** Raw data follows **

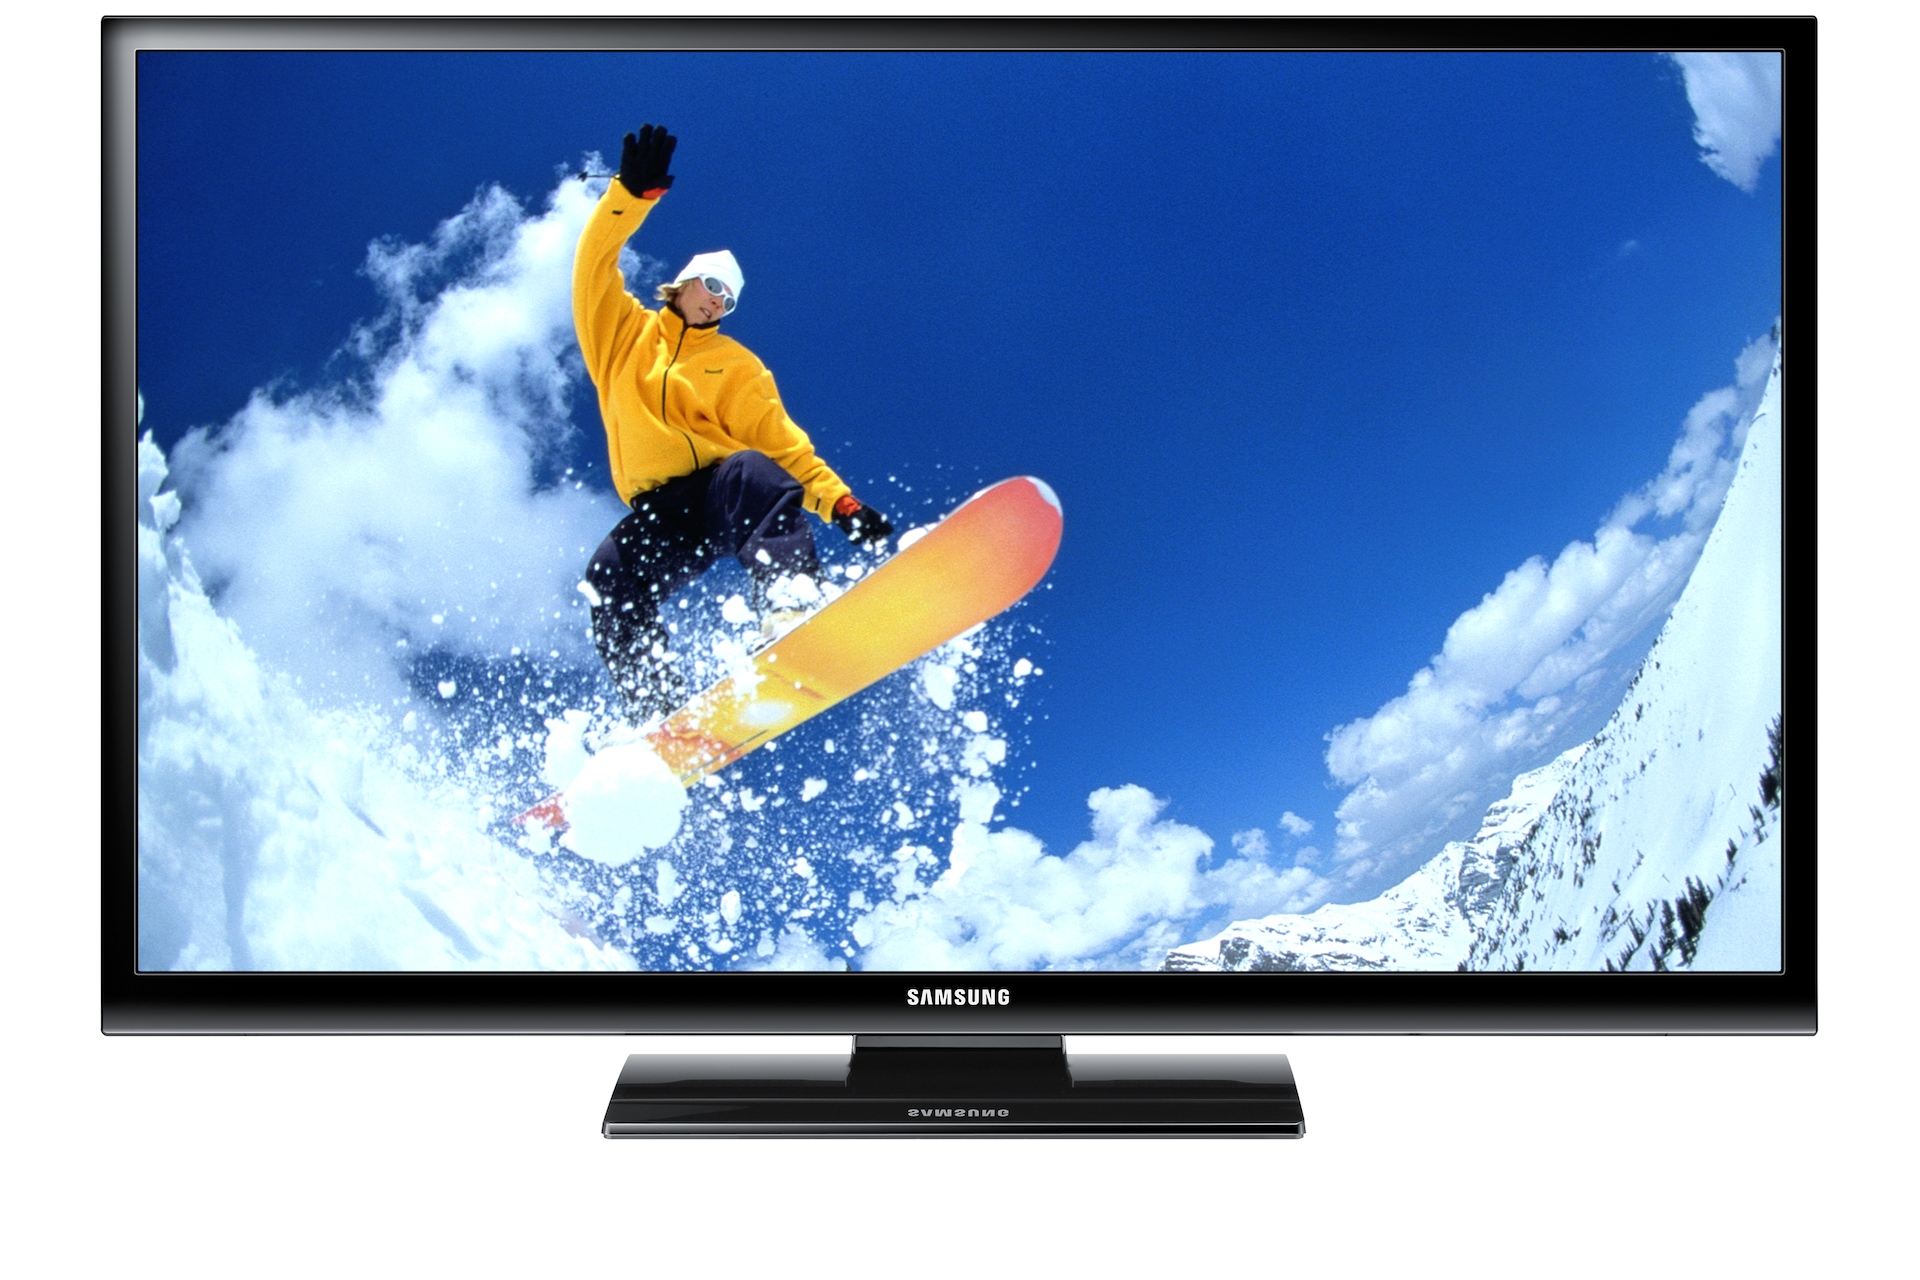 43" E450 Series 4 Plasma TV | Samsung Support UK
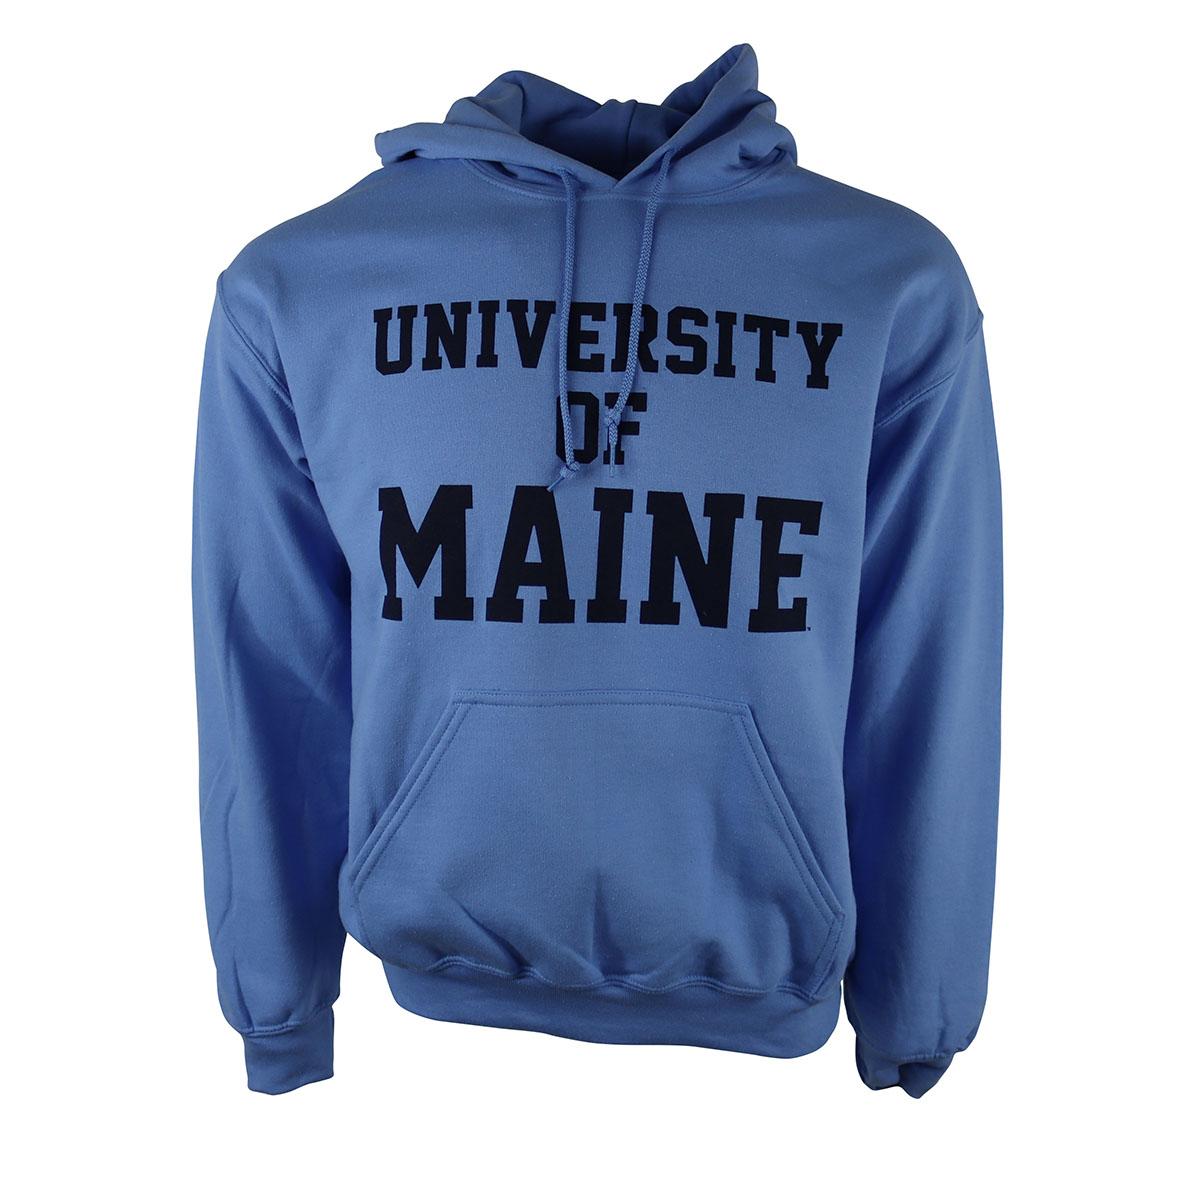 W Republic Apparel UMaine University of Maine Freshman Pullover Sweatshirt Hoodie Navy 
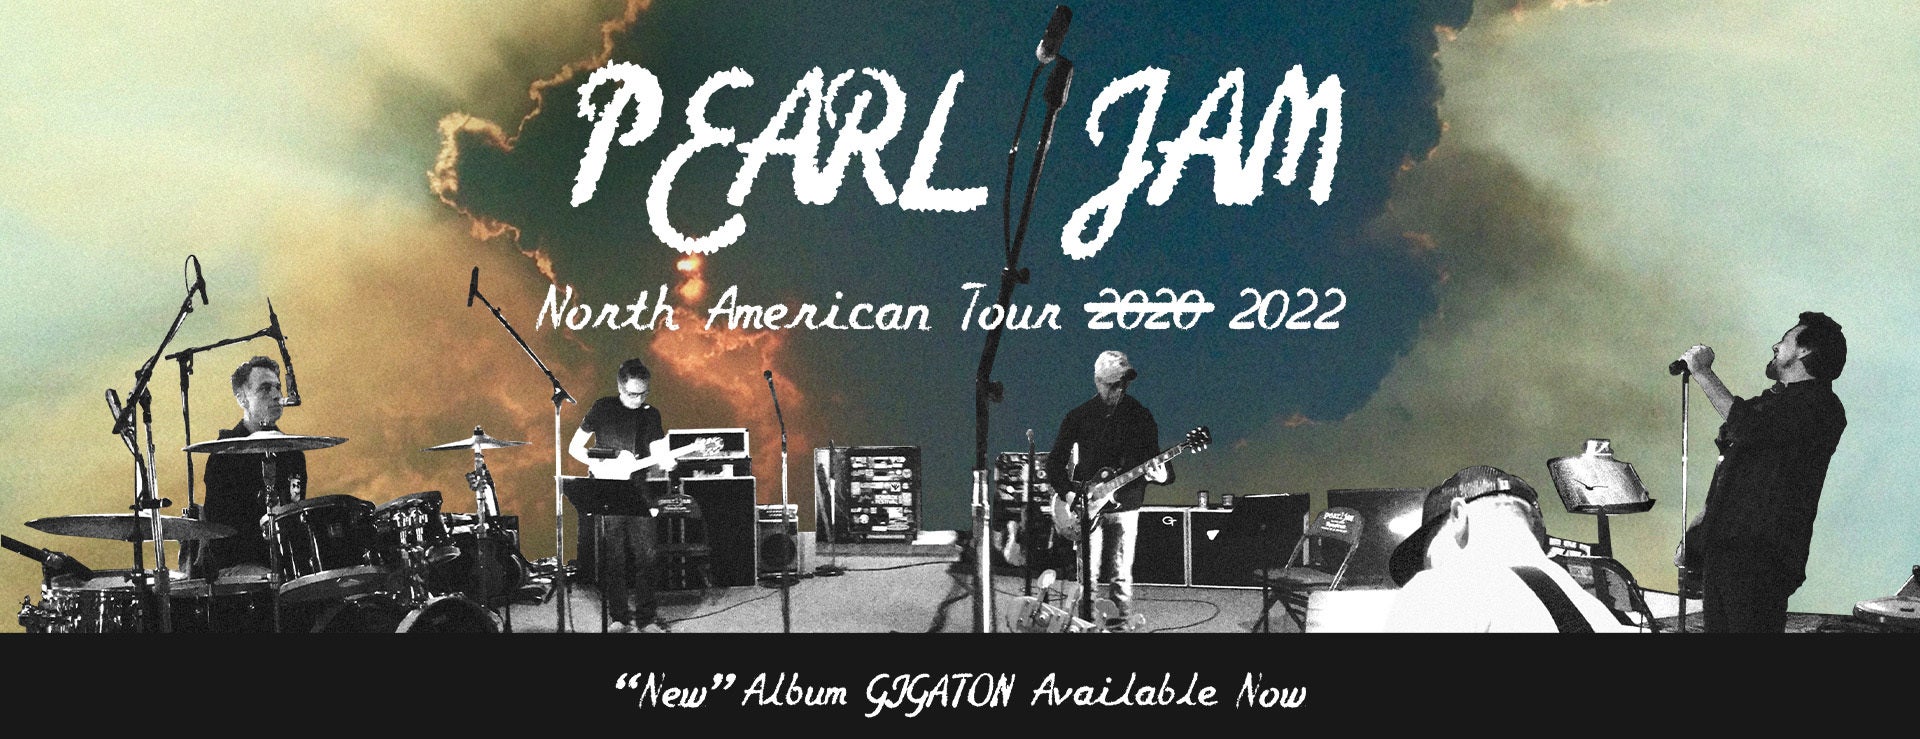 Pearl Jam  Core Entertainment

** End of Raw data **

Requirement — If pictures appear in the data, omit them and copy all other parts exactly.

Reply to the task —
 43" E450 Series 4 Plasma TV | Samsung Support UK
 W Republic Apparel UMaine University of Maine Freshman Pullover Sweatshirt Hoodie Navy 
 Pearl Jam  Core Entertainment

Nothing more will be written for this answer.